# sexy spartan helmet overthrow lower from Rainier Arms



## Quantum Donut (Aug 9, 2017)

https://www.rainierarms.com/rainier-arms-overthrow-stripped-lower-receiver-pre-order/

wish i had the extra 270 since the price goes up after august 31st :vs_mad:


----------



## Kauboy (May 12, 2014)

QD, this does not apply to you, I hope...
There is an immense truth behind "a fool and his money are soon parted".

Honestly, $300 for a fashion statement on a rifle?
You could have most of a gun for that price.

That said... if you've got the scratch, I'm not one to tell a man how to spend it.
But I might laugh.


----------



## Quantum Donut (Aug 9, 2017)

Kauboy said:


> QD, this does not apply to you, I hope...
> There is an immense truth behind "a fool and his money are soon parted".
> 
> Honestly, $300 for a fashion statement on a rifle?
> ...


same can be said about your computer you dont need more then a 200 dollar netbook so a 500-2000 dollar desktop or laptop is a waste of money and anything from apple is a super waste of money 

you dont need more then a little 4 cylinder car to get around so that jacked up 4 wheel drive truck is a waste of money 

you dont need more then a little military style cot to sleep so that king size bed is a waste of money 

you dont need a derpy cowboy hat when a 50 cent base ball cap from goodwill will do the job 

so basically same reason you would do any of that stuff :vs_cool:

list goes on hehe also its more then a fashion statement its a statement of F*$% your liberal gun control im a free man come take them to the anti-gun pundits out there. It is not in my future unless learn to mill a 0% lower from a solid block slightly larger then a basic lower since it will need a little extra material up front for the design since im not rich lol.


----------



## Kauboy (May 12, 2014)

Quantum Donut said:


> same can be said about your computer you dont need more then a 200 dollar netbook so a 500-2000 dollar desktop or laptop is a waste of money and anything from apple is a super waste of money
> 
> you dont need more then a little 4 cylinder car to get around so that jacked up 4 wheel drive truck is a waste of money
> 
> ...


Oh give me a break.
I never said anything about what one needs or wants.
It's a large amount of money for a gimmick that adds nothing but "flair".
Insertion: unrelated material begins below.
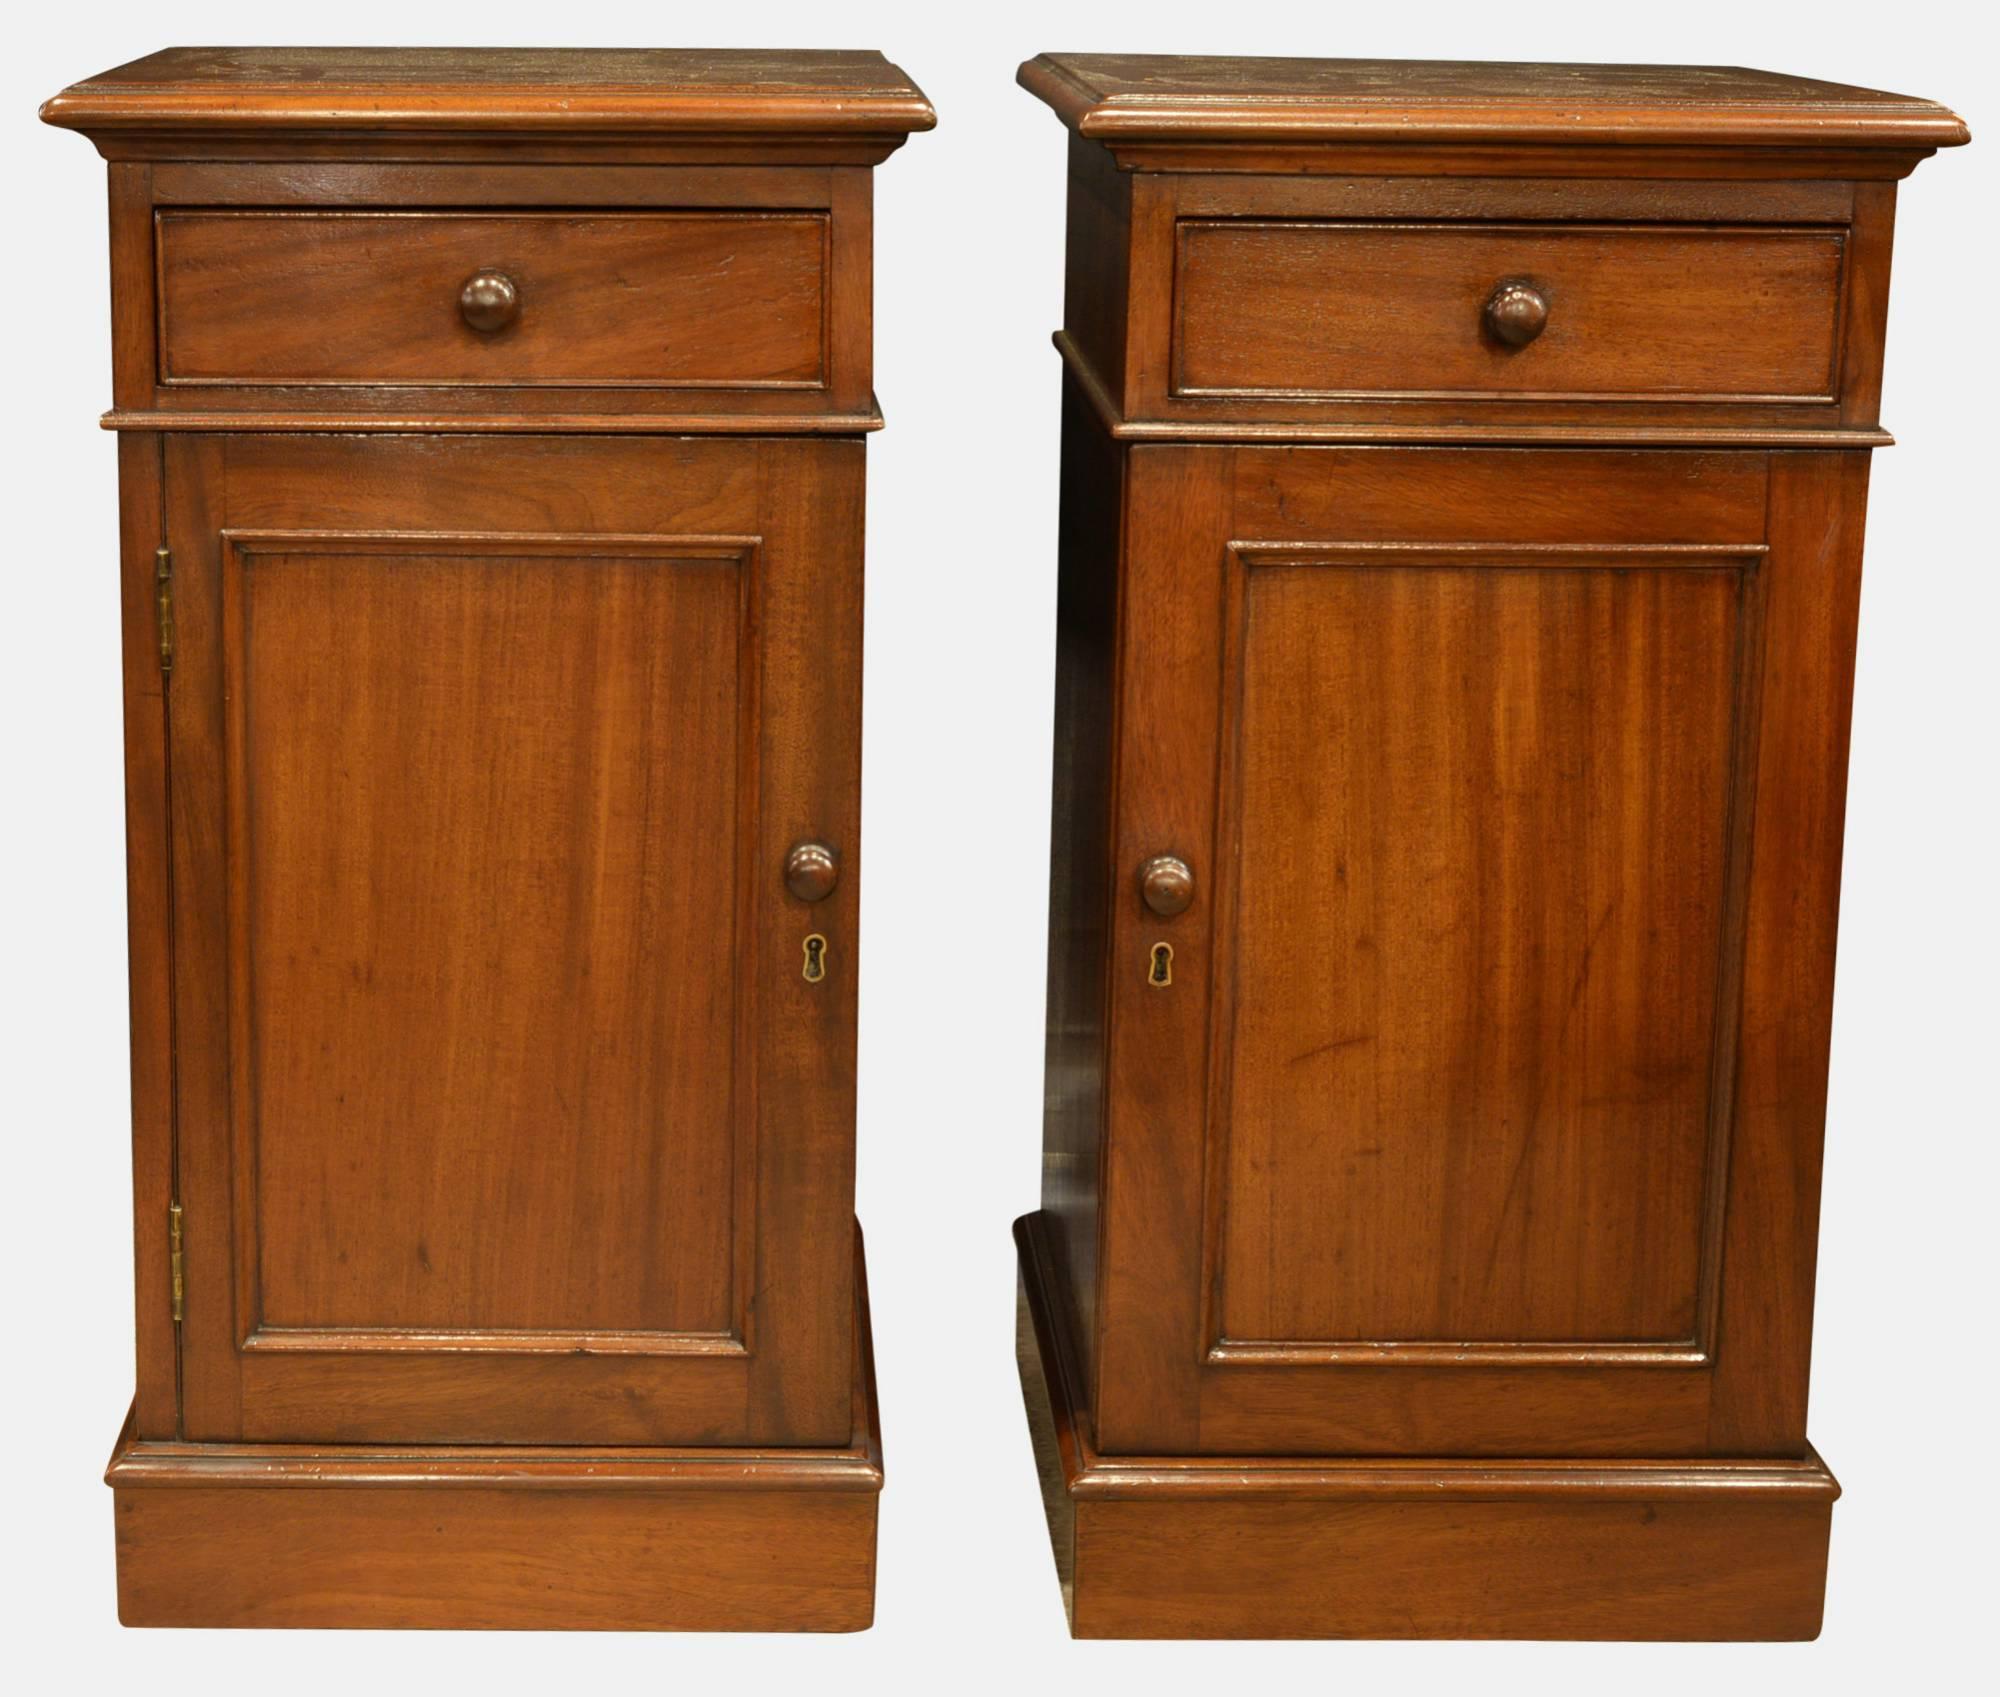 Pair of mahogany bedside cabinets by J.J. Helsdon, Lincoln Inn Fields.

My $1000 computer outperforms any netbook at literally any task.
My 5.0 F-150 out hauls any 4 cylinder.
My queen size bed sleeps 2 people.
My hat covers my neck and ears from the blazing sun.

These add FUNCTION for a higher price.

That lower is a fashion gimmick that adds nothing.
Again, not saying anyone *shouldn't* buy it, but I'm gonna laugh at the fool.


----------



## Quantum Donut (Aug 9, 2017)

Kauboy said:


> Oh give me a break.
> I never said anything about what one needs or wants.
> It's a large amount of money for a gimmick that adds nothing but "flair".
> 
> ...


you dont need the extra function for every day thus the same applies  also a netbook will surf just as fast as 4000 pc it is only slow when it needs a lot of memory or processing power 

i also never said you should get those things just that you dont need them  so i can laugh at your logic just as much. its fitting you chose an F-150 though as they are Found On Road Destitute all the time hehe <3 btw diesels are better and the fuel can be stored longer then gas. also i actually like ford but only their stuff 1970 and older then again same with the other brands lol back when they built em to last. anyhow you are welcome to your opinion.


----------



## SOCOM42 (Nov 9, 2012)

I buy my laptops reconditioned for around $100.00, so there.:vs_smirk:

I break at least one a year, not fail, break, like drop.:vs_mad:

My 4.0 Grand Cherokees are stock, but can pull my trailers with a ton of stuff.

You can take that logo and get a silk screen decal done for $25.00, print enough for all you guns.

Having that on a rifle you shoot someone with is going to have grave consequences in a court of law.

I learned a long time ago, it is far better to be a grey man than another type.

There are no stickers on my Jeeps showing anything, just a licence plate with my call sign on one.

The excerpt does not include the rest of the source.